Charter Hall Retail REIT's Fiscal First-Half Results Beat Expectations, to See Operating Income and EPS Growth from Fiscal 2026, Jarden Research Says

MT Newswires Live
02-17

Charter Hall Retail REIT (ASX:CQR) fiscal first-half results slightly exceeded expectations, which suggests a 1.6% half-on-half swing in the second half of the current fiscal year, according to a Feb. 14 note by Jarden Research.

The real estate investment trust reported fiscal first-half statutory earnings of AU$0.1869 per unit, compared with a loss of AU$0.0724 a year earlier. Analysts polled by Visible Alpha expected earnings of AU$0.044 per unit.

Total revenue and other income for the six months ended Dec. 31, 2024, was AU$193 million, compared with AU$149.5 million a year earlier. Of the total, property income was AU$95.5 million. Analysts surveyed by Visible Alpha expected net property income from wholly owned properties of AU$87.6 million.
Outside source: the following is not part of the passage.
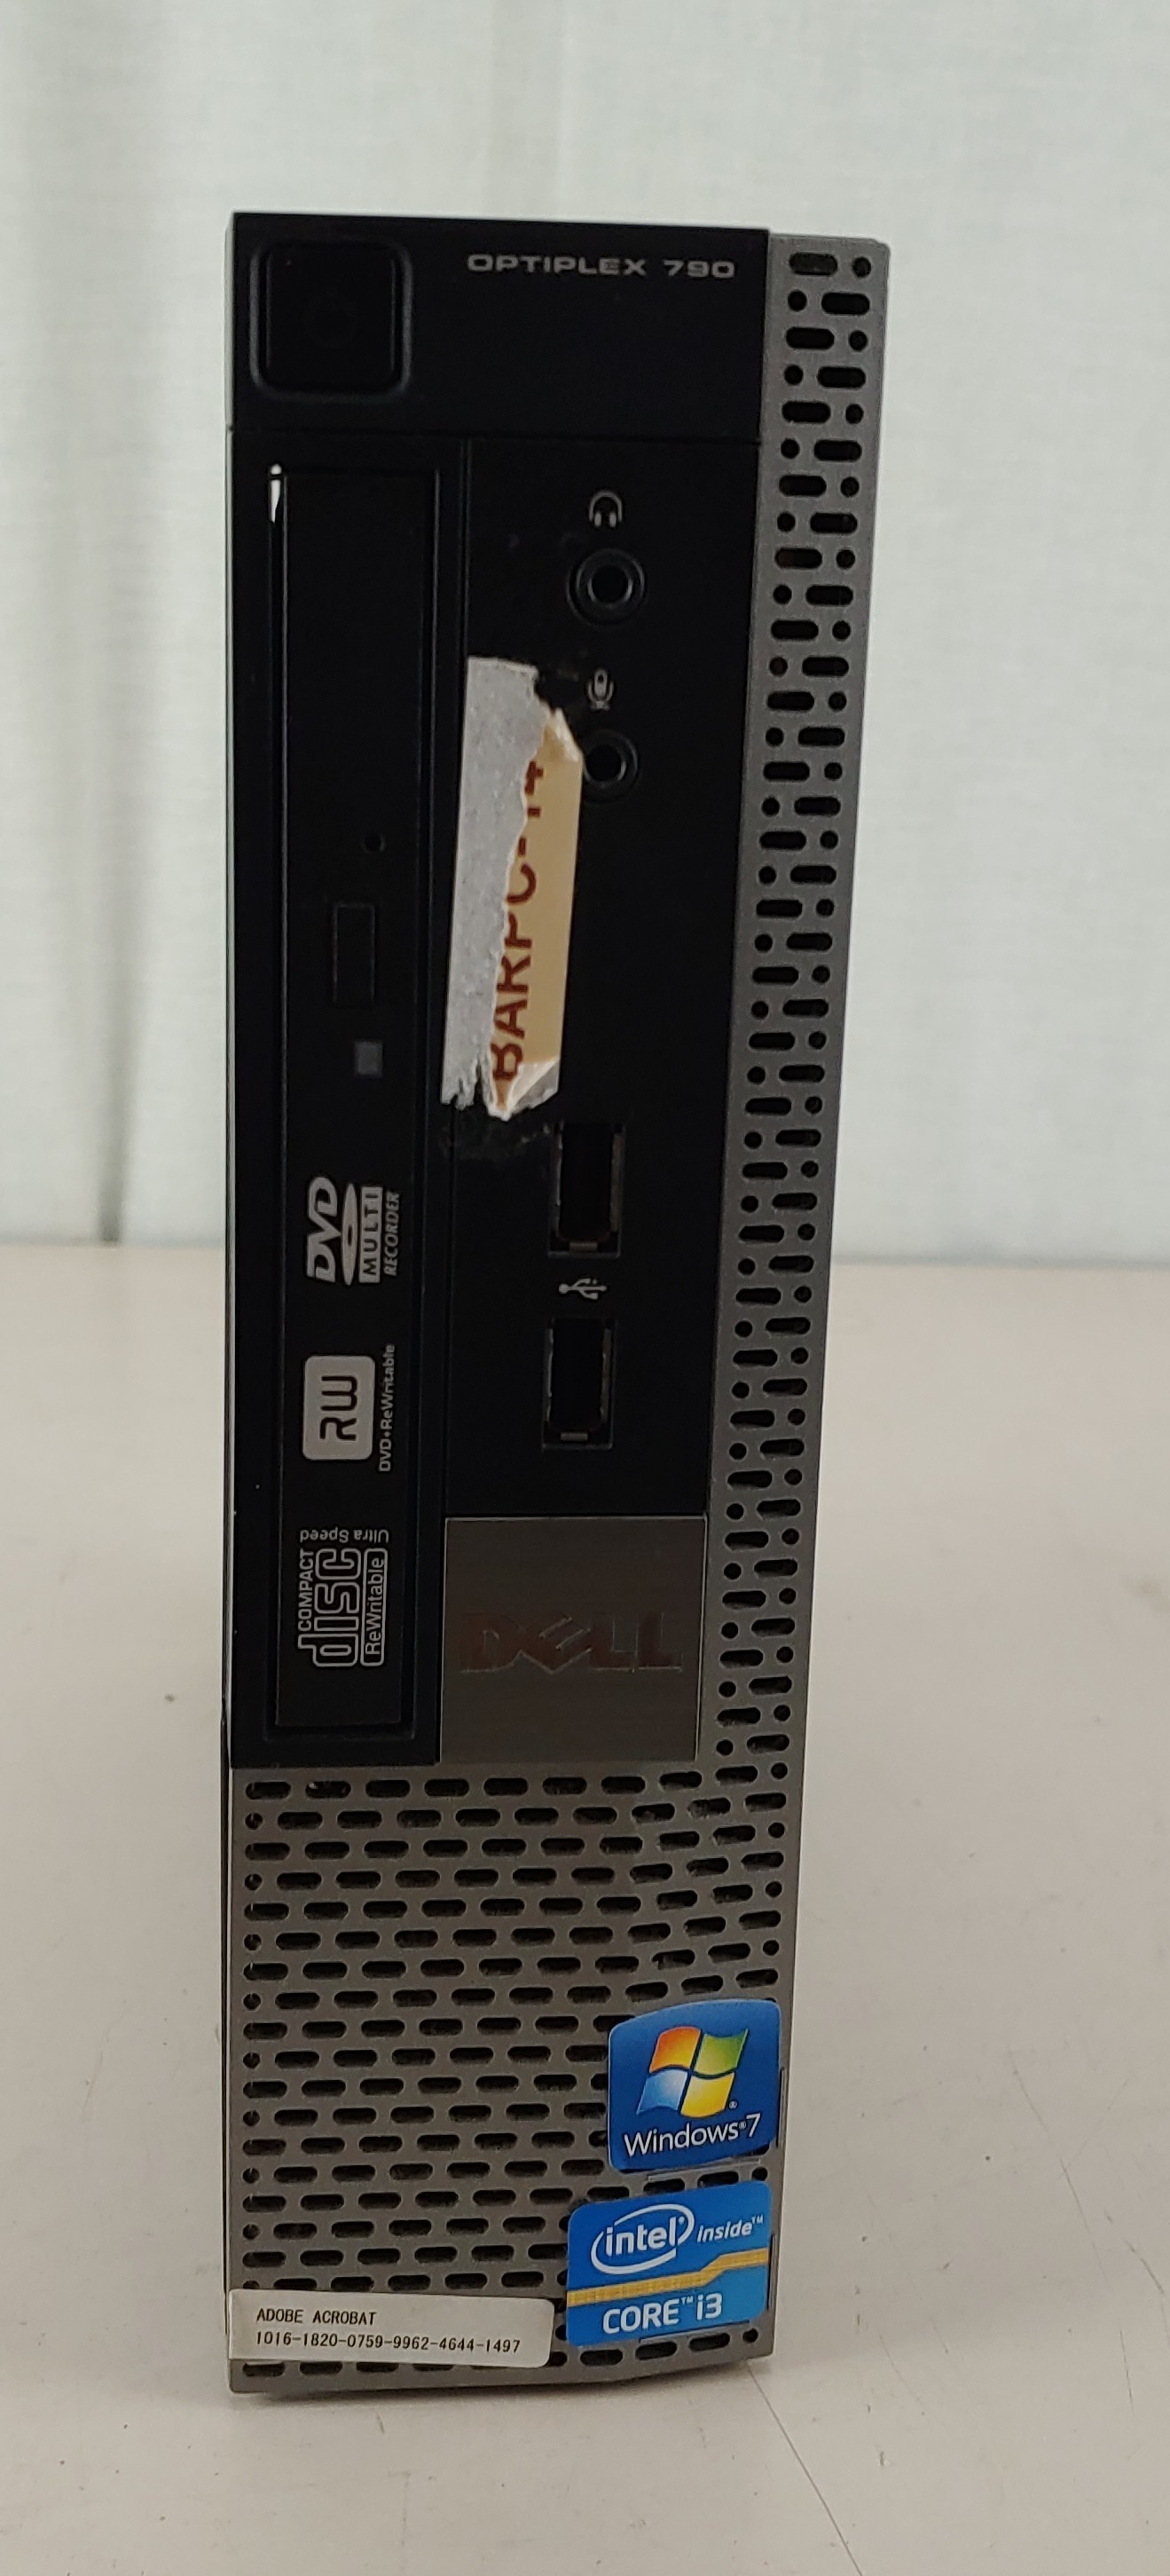 Dell Optiplex 790 USFF Desktop PC i3-2120 3.30GHz 4GB 500GB HDD Linux Mint

Jarden expects the REIT to see net operating income growth and the benefits from asset recycling, including the acquisition of an AU$318 million stake at Hotel Property Investments (ASX:HPI), an AU$50.3 million shopping center in Glebe in New South Wales with a 5.9% yield, and AU$44 million in convenience retail assets.

This is expected to flow through to stronger operating earnings per share growth from fiscal year 2026 onwards, Jarden added.

Jarden has an overweight rating on Charter Hall Retail REIT and a price target of AU$3.60.

Shares of the REIT rose past 3% in recent Monday trade.